The Polaris Music Prize is a music award annually given to the best full-length Canadian album based on artistic merit, regardless of genre, sales, or record label. The award was established in 2006 with a $20,000 cash prize; the prize was increased to $30,000 for the 2011 award. In May 2015, the Polaris Music Prize was increased to $50,000, an additional $20,000, sponsored by Slaight Music. Additionally, second place prizes for the nine other acts on the Short List increased from $2,000 to $3,000. Polaris officials also announced The Slaight Family Polaris Heritage Prize, an award that "will annually honour five albums from the five decades before Polaris launched in 2006." Details about the selection process for this prize are still to be revealed.

The Polaris Music Prize is modeled after the United Kingdom/Ireland's Mercury Prize and in turn, inspired the Atlantis Music Prize/Borealis Music Prize for Newfoundland and Labrador.

Jury and selection process
There is no submission process or entry fee for the Polaris Music Prize. Jurors select what they consider the five best Canadian albums released in the previous year. The ballots are tabulated with each number one pick awarded five points, a number two pick awarded four points and so on. A long list of 40 titles is classified, released in mid-June and promoted to the public. The long list is then sent back to the jury. The jurors then re-submit five top picks from this long list.

These ballots are re-tabulated and the top ten titles form the Polaris short list. This list is released in early July and promoted to the public. A smaller group of 11 jury members ("The Grand Jury") who convene in Toronto at the Polaris Music Prize gala in late September decide the ultimate winner. The decision is finalized during the gala as the nominated bands perform. Grand jurors are selected so that each shortlisted album has one person in the jury room to advocate for it; ten are selected on the basis of having named one of the shortlisted albums as their top pick in the balloting, while the remaining jury position is given to a person who did not vote for any of the shortlisted albums at all.

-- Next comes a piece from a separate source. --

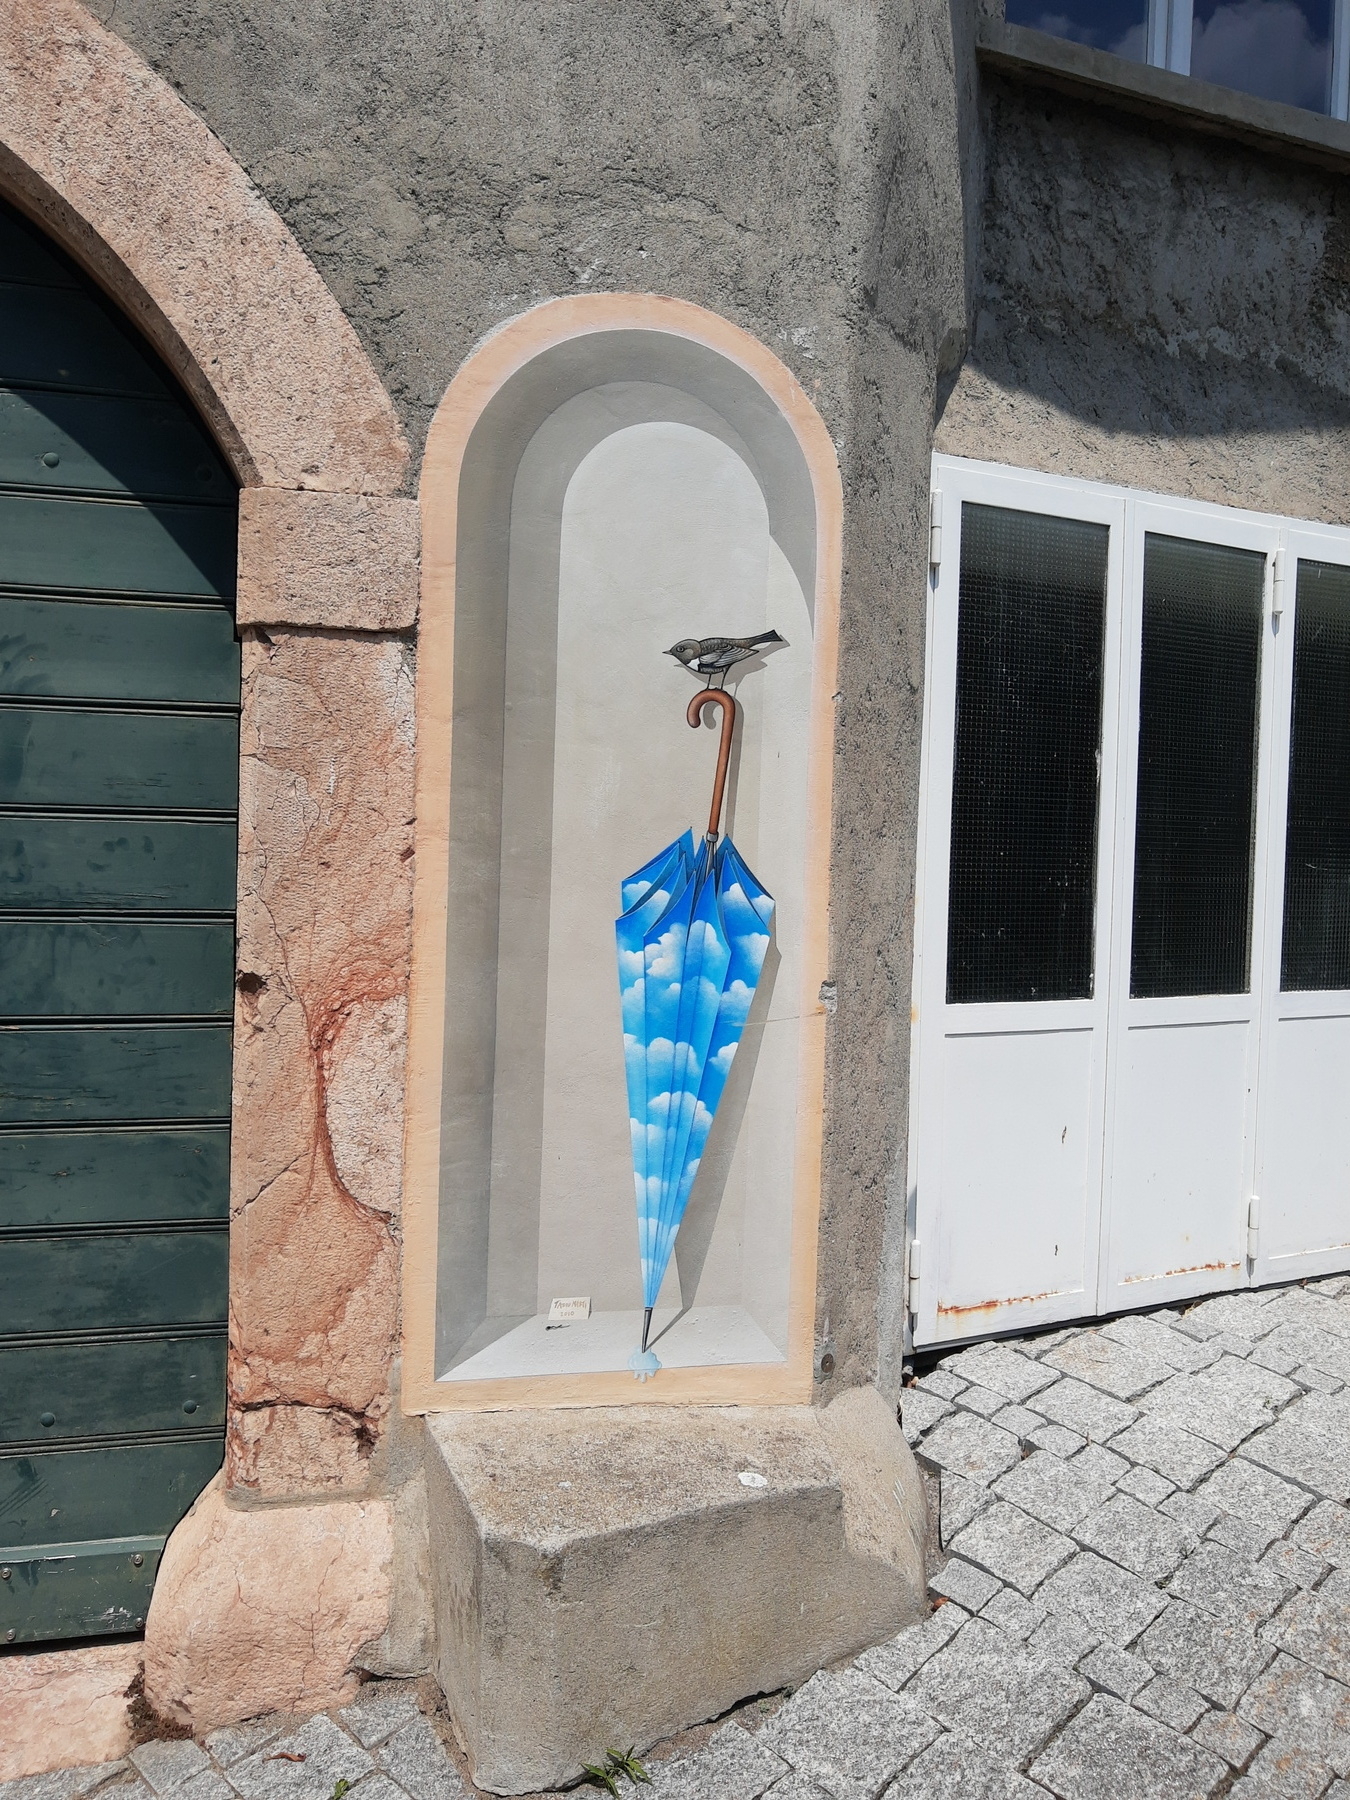 A paint on a wall showing a grey bird on a closed blu umbrella
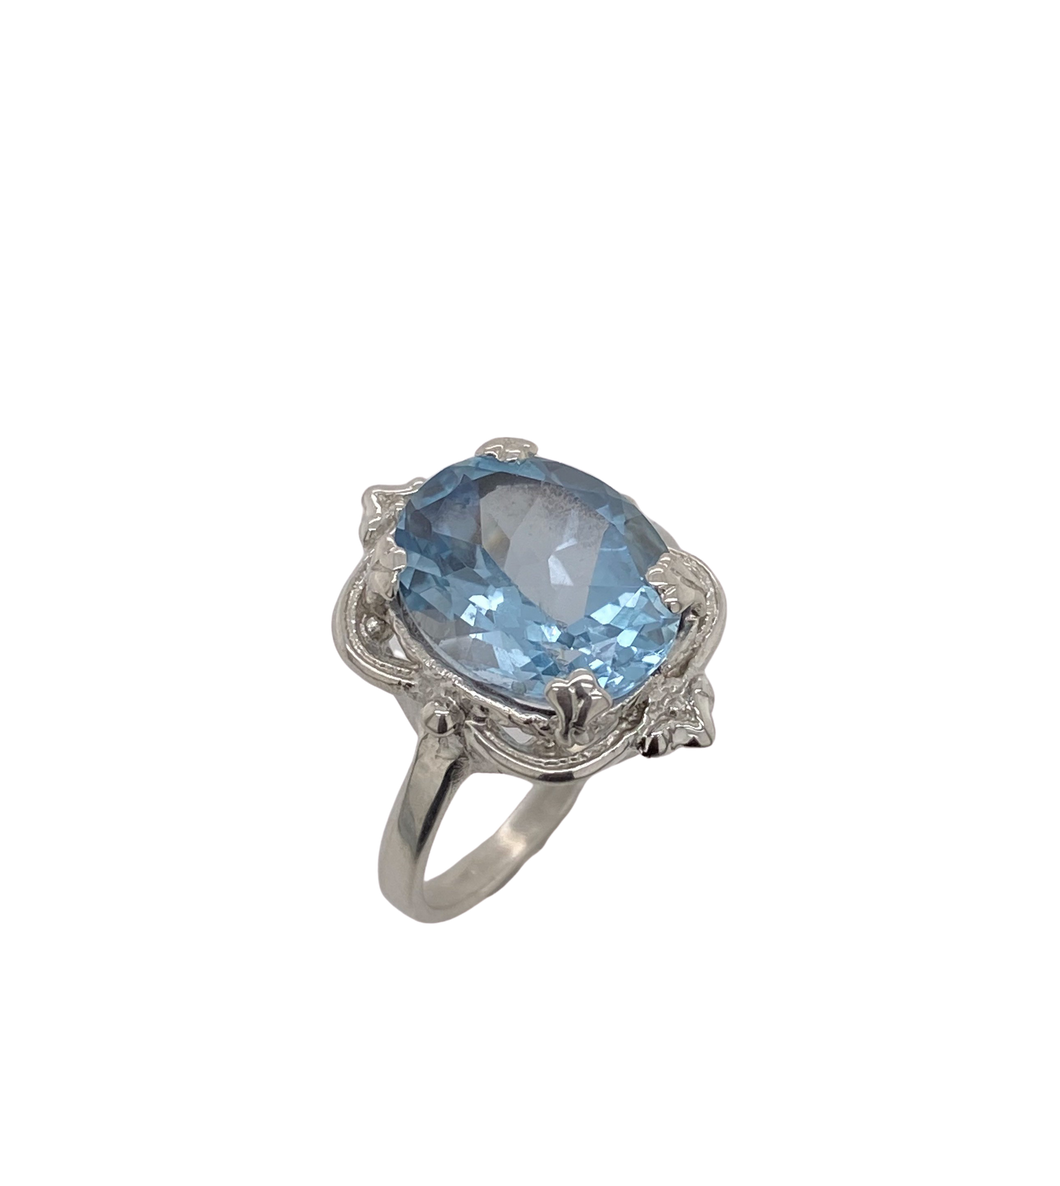 Sterling Silver and Gemstone Victorian Ring J385

Polaris Music Prize board of directors selects the jurors. The jury list includes more than 200 Canadian music journalists, bloggers, and broadcasters. To ensure an impartial outcome, no one with direct financial relationships with artists is eligible to become a jury member. The organization itself is a registered, not-for-profit corporation. Another key benefit of enlisting music journalists, broadcasters and bloggers as judges is that increased media coverage draws attention to quality music in a cluttered commercial landscape and an increasingly fractured music scene.

Notable jurors have included former MuchMusic VJs Hannah Sung and Hannah Simone, and Toronto Star music columnist Ben Rayner. Some of the 2018 judges include Lana Gay (Indie88), Mike Bell (YYSCENE), Stuart Derdeyn (Vancouver Province), Stephen Cooke (The Chronicle Herald), Brad Wheeler (The Globe and Mail), Alan Ranta (Exclaim!), Alan Cross (102.1 the edge), CBC Radio personalities  Sandra Sperounes, Melody Lau, Lisa Christiansen and Raina Douris and Mitch Pollock, Voir music journalists Patrick Baillargeon and Olivier Boisvert-Magnen, Kimberly Cleave (APTN/Digital Drum) and Carl Wilson.

On November 3, 2014, Jian Ghomeshi, the disgraced former CBC Q host and host of the first Polaris Gala, was removed from the Polaris juror pool. Polaris officials made no official announcement on the subject.

Polaris Winners and short list nominees

Slaight Family Polaris Heritage Prize
In 2015, the Polaris jury also launched the Polaris Heritage Prize now known as the Slaight Family Polaris Heritage Prize, an annual award program to honour classic Canadian albums released prior to the creation of the Polaris Prize. Since its inception, the voting categories for Heritage Prize-nominated albums as well as the number of designated albums declared each year have changed multiple times.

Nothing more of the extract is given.